- **EXERCISE OBJECTIVE**
Could you transcribe exactly the lines below, from the line with "Talbots Tower Kilkenny Stadtmauer" through the line with "Rick's Cabaret Licenses", and nothing else, leaving out the pictures?

- **RECORDS FOR THIS EXERCISE**
• • •

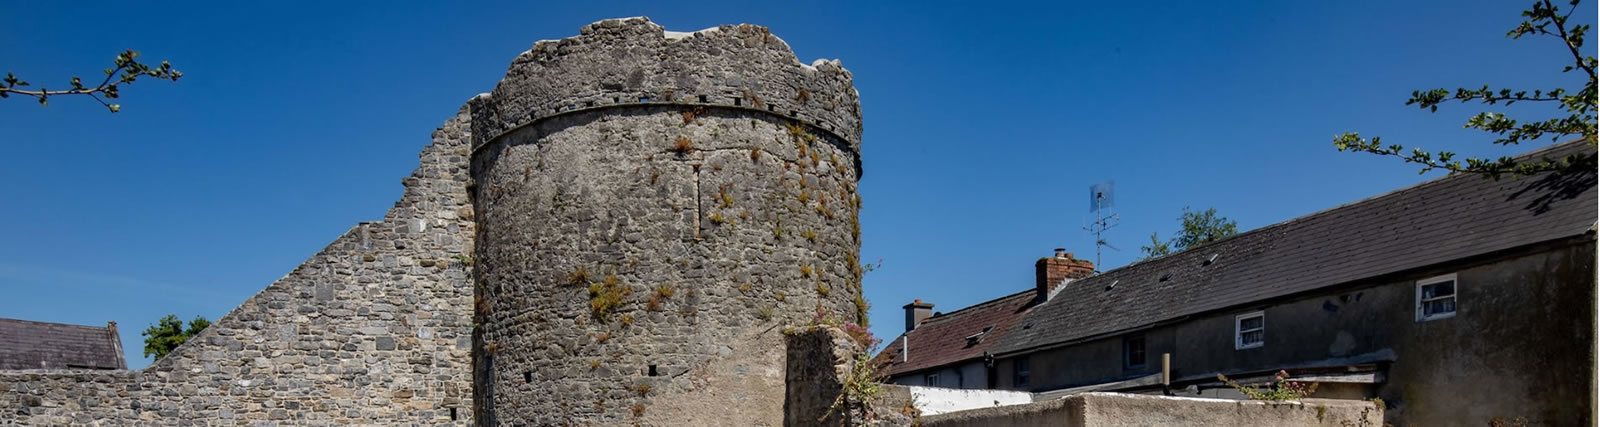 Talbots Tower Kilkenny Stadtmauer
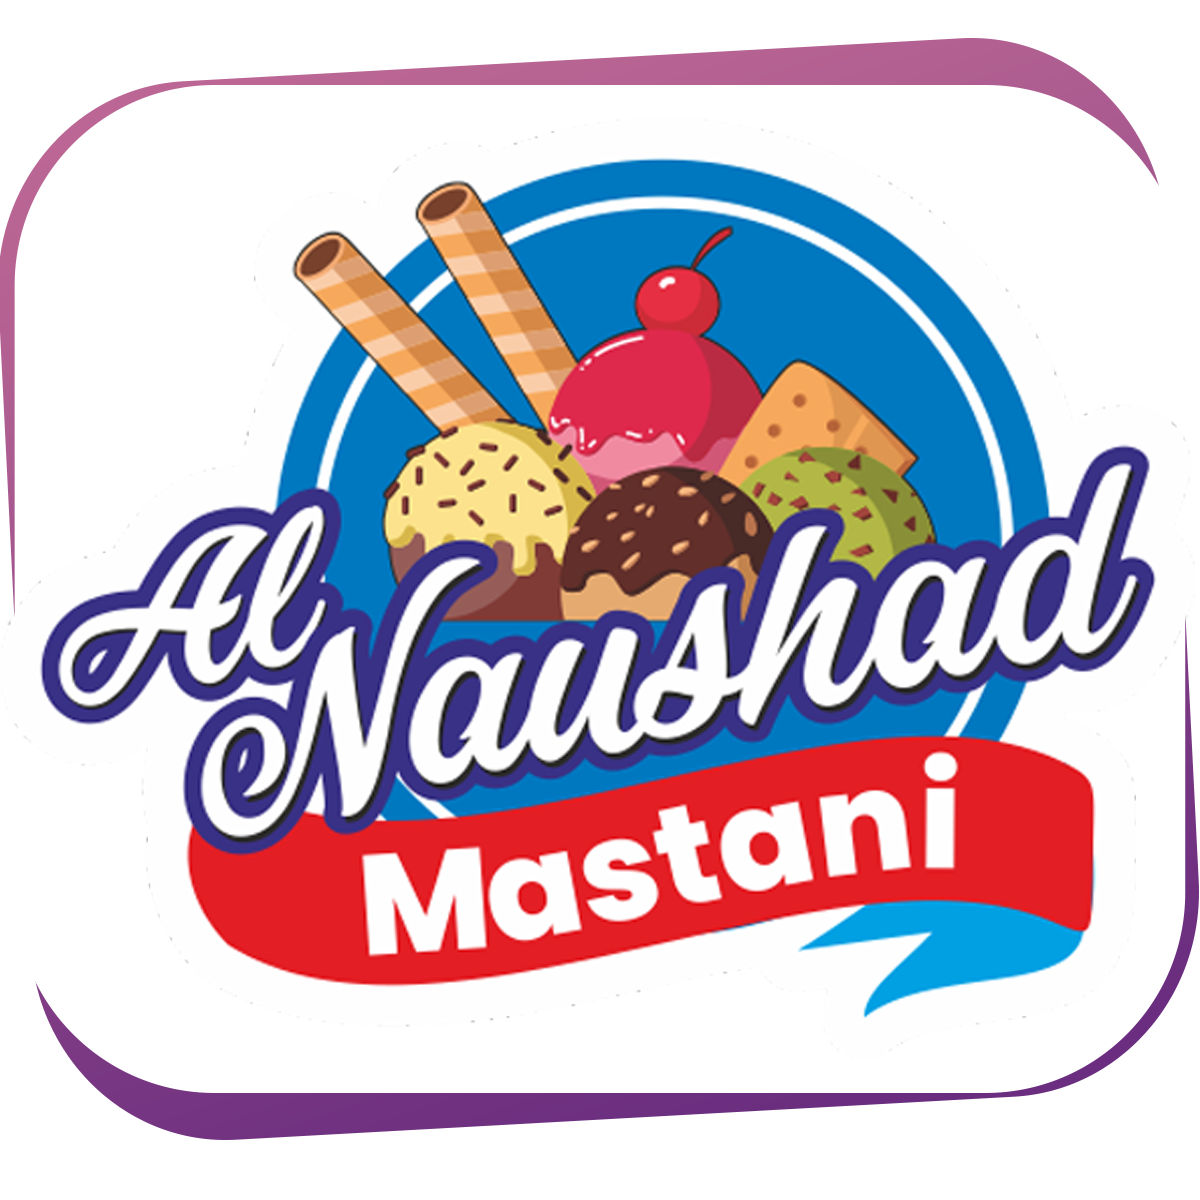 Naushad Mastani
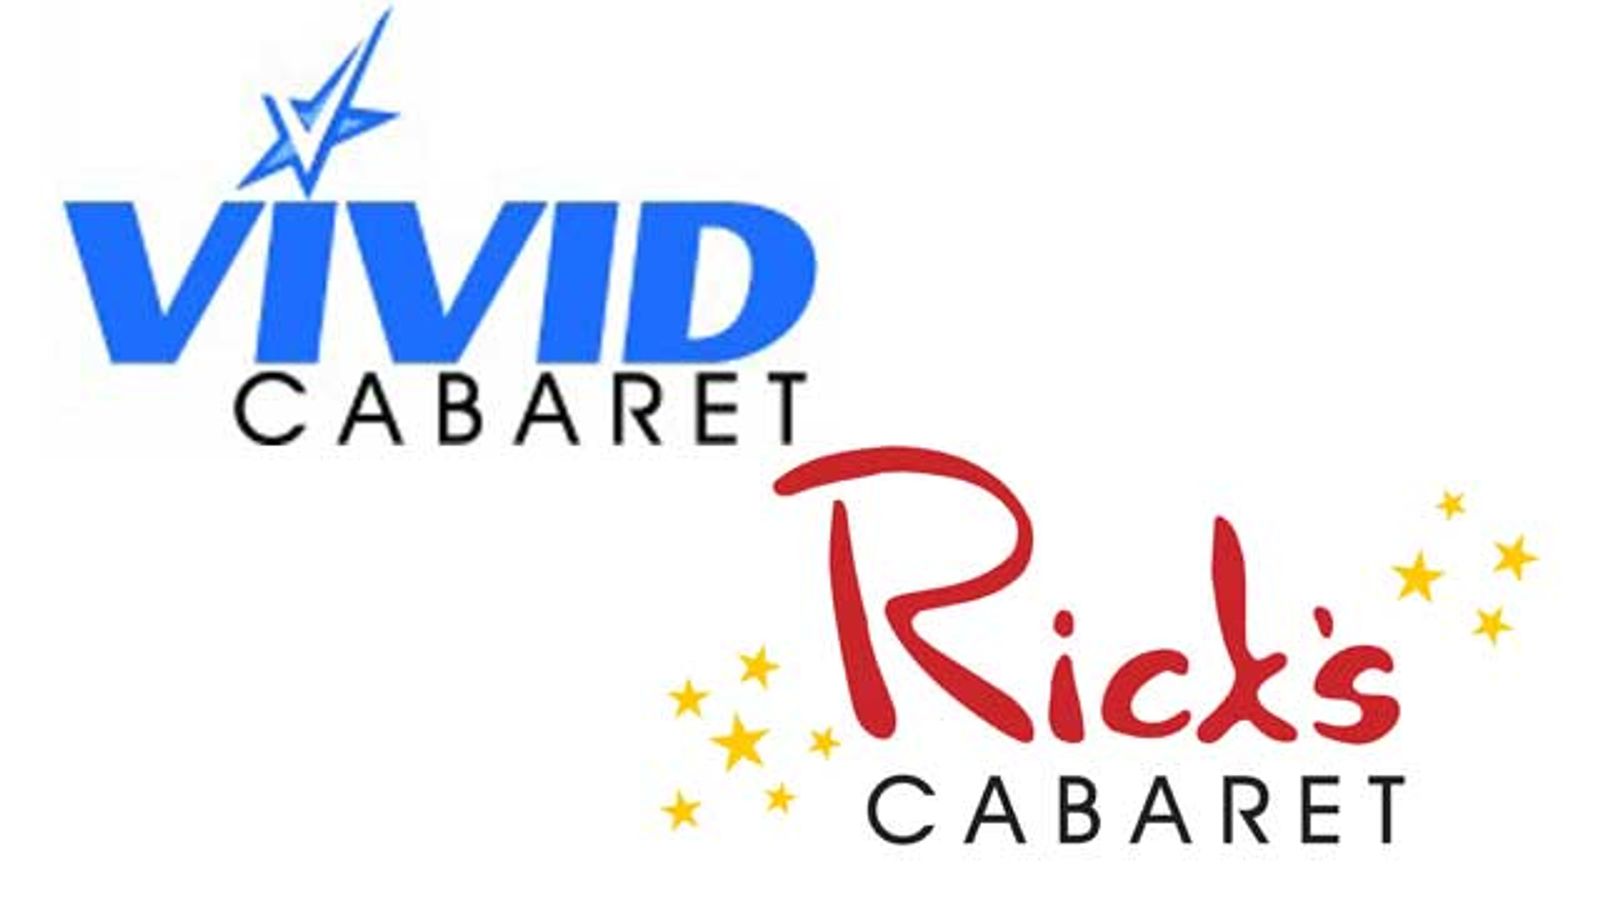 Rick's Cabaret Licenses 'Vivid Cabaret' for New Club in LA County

• • •

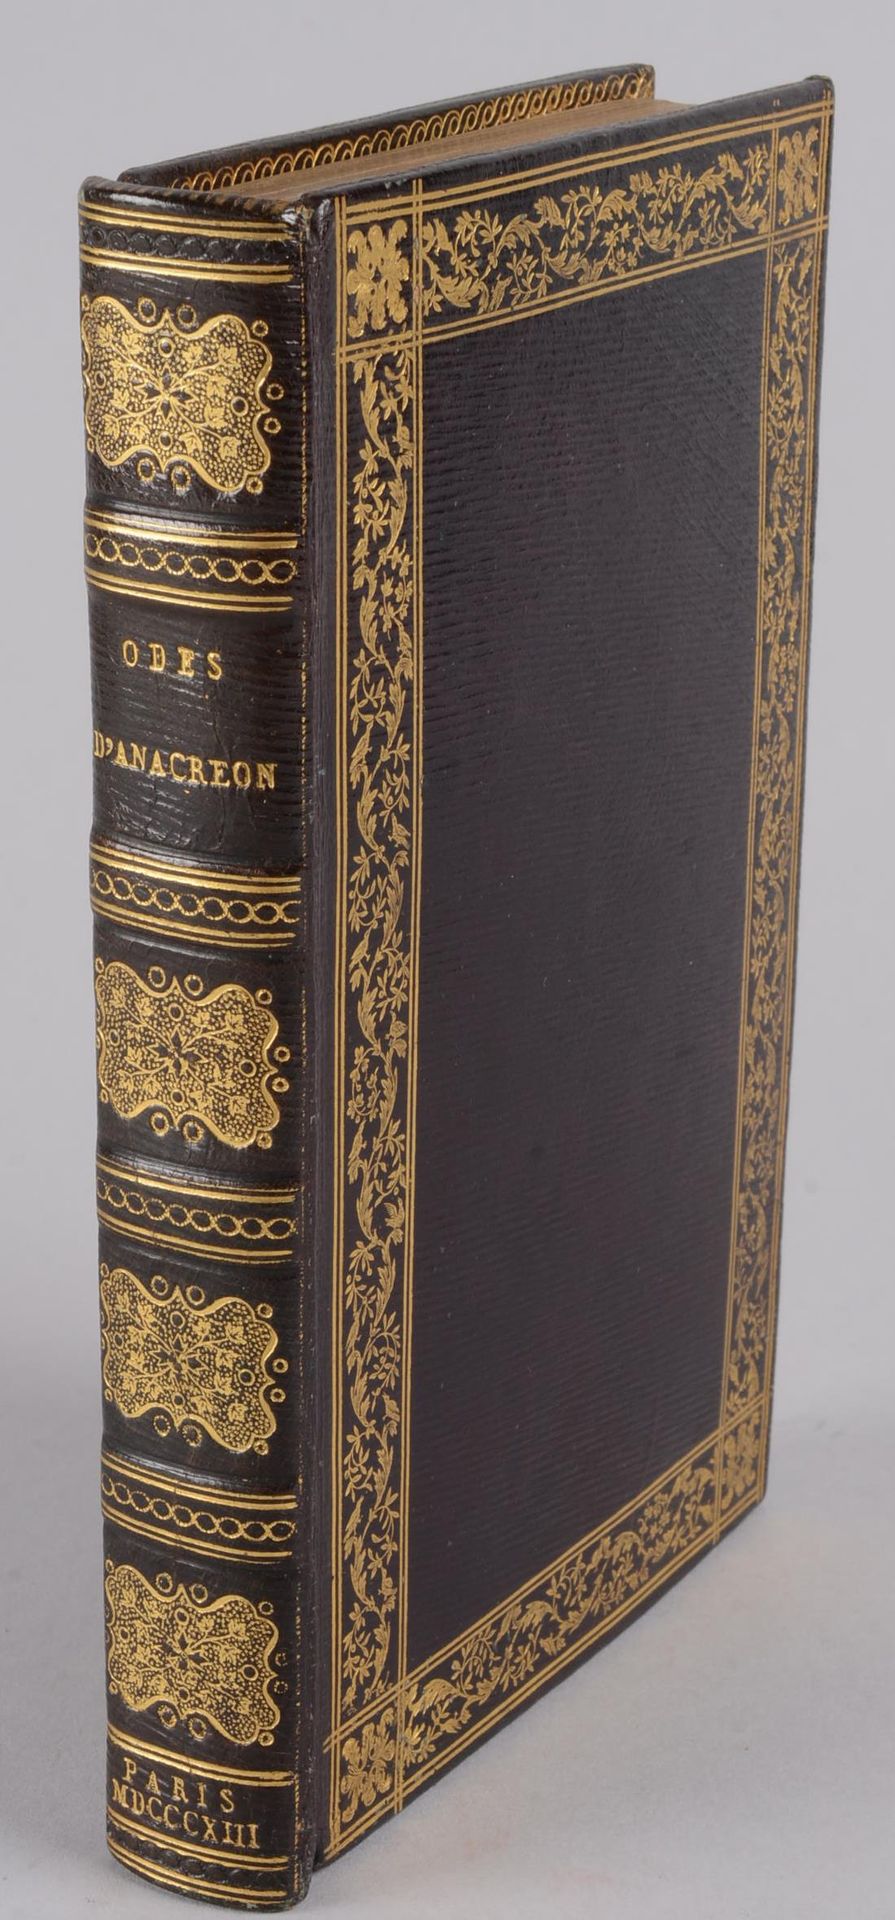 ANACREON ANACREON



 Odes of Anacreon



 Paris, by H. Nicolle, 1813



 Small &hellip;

• • •

- **TASK OUTPUT**
 Talbots Tower Kilkenny Stadtmauer
 Naushad Mastani
 Rick's Cabaret Licenses 'Vivid Cabaret' for New Club in LA County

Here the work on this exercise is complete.